Dawn stared at the empty place for several minutes, hoping that if she kept watching, Spike would magically show up. When that didn't happen, she walked numbly outside, collapsed at the entrance, and gave up on trying not to cry. She was a little worried that her sobs would attract vampires to the area, but she decided that it didn't matter. After all, the whole point of coming back was to stop Glory's ritual. Maybe Buffy and the world would be better off if she had never existed at all. The Knights of Byzantium had certainly thought so. 

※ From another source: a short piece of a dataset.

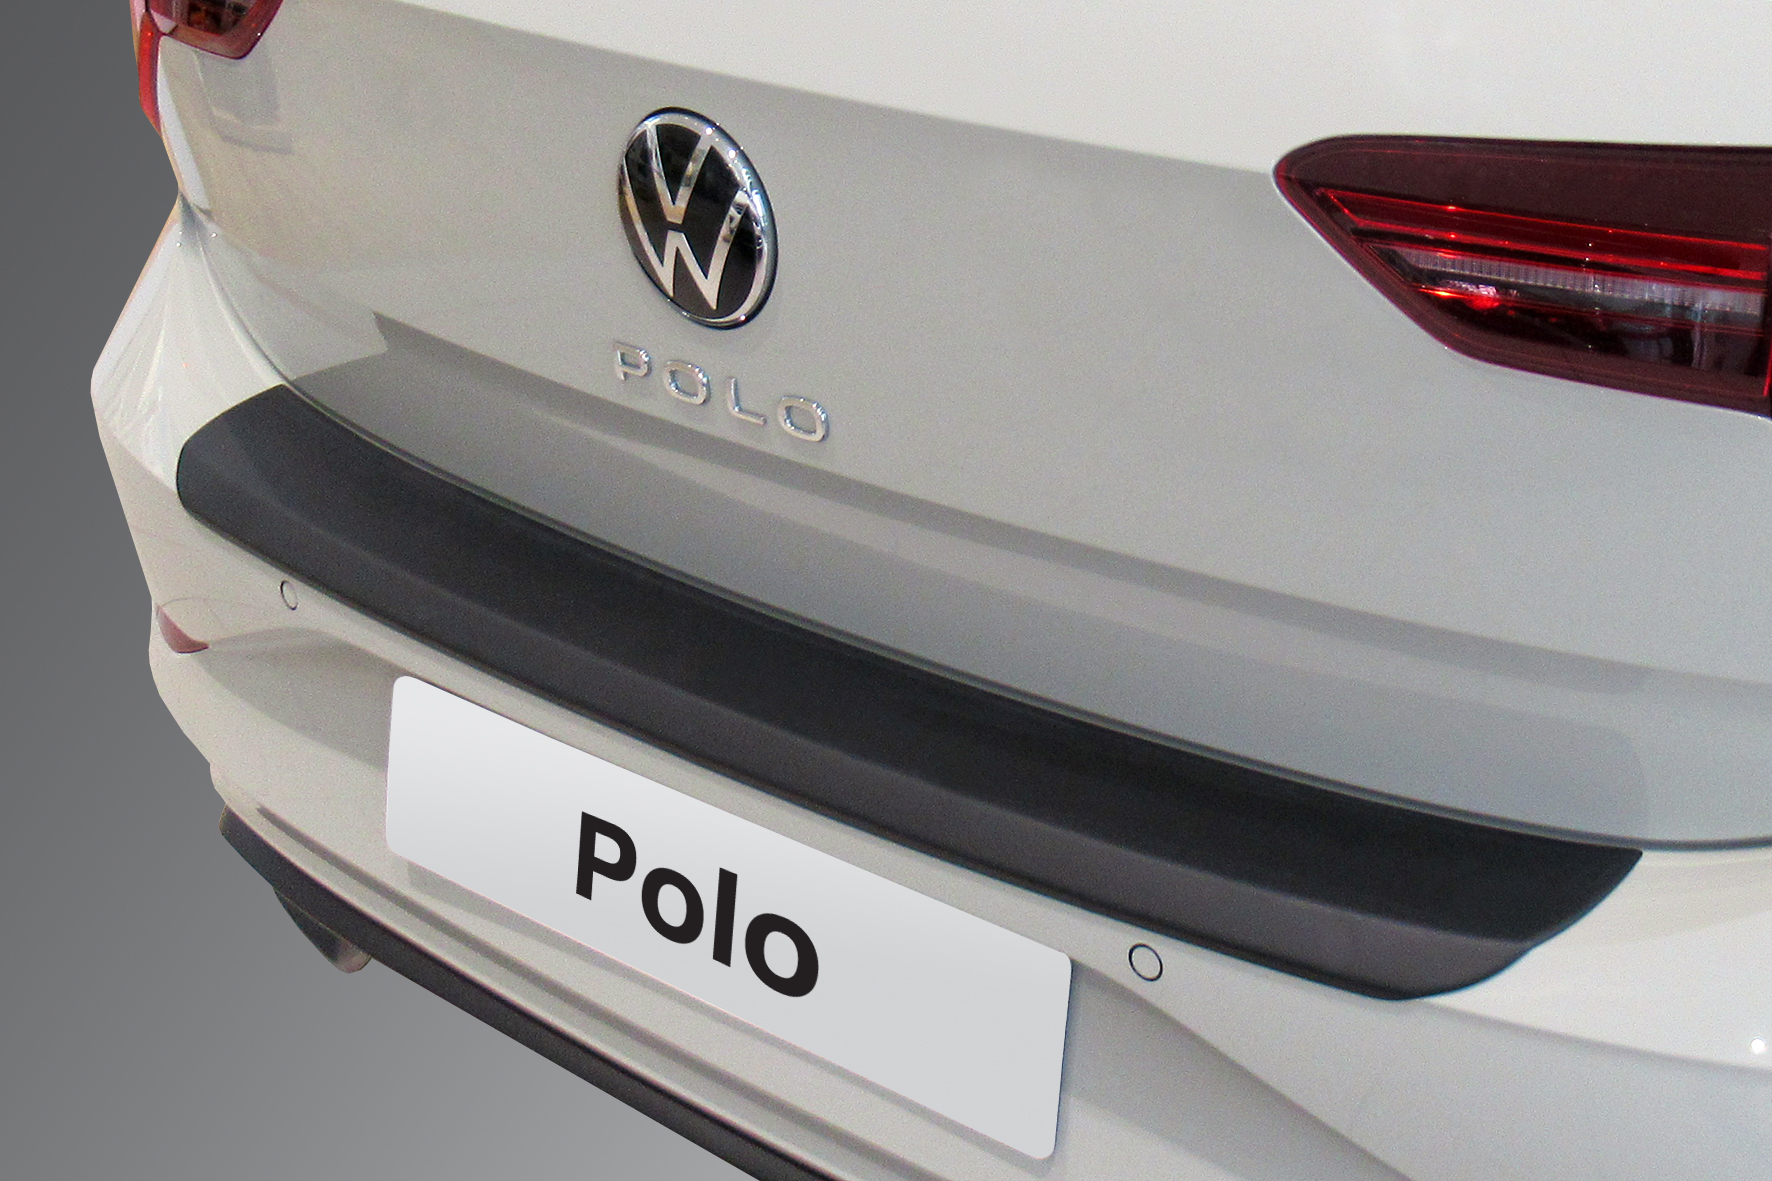 Ladekantenschutz für VW POLO - Schutz für die Ladekante Ihres Fahrzeuges

After several minutes of uncontrolled sobbing, her breathing became a little more even and her thoughts became a little more morbid. She looked at her white wrist and unsheathed Eversharp. Better her than the world, right? But as soon as she broke the skin, her sister's words flew into her mind. 

_ The hardest thing in this world is to live in it. _

Dawn stared at the small trickle of blood that was falling down the knife, and pulled it out again. Buffy had wanted her to live. She'd wanted her to live so badly that she was willing to give her own life in exchange for Dawn's. That settled it- as long as she had a shot, she had to find a way to save herself  _ and  _ the world. That was what Buffy would have wanted. The whole world might be against her- heck, it might not even know she existed- but Dawn was going to save it anyway, because that's what scoobies did.  _ One order of saving the world, hold the gratitude _ .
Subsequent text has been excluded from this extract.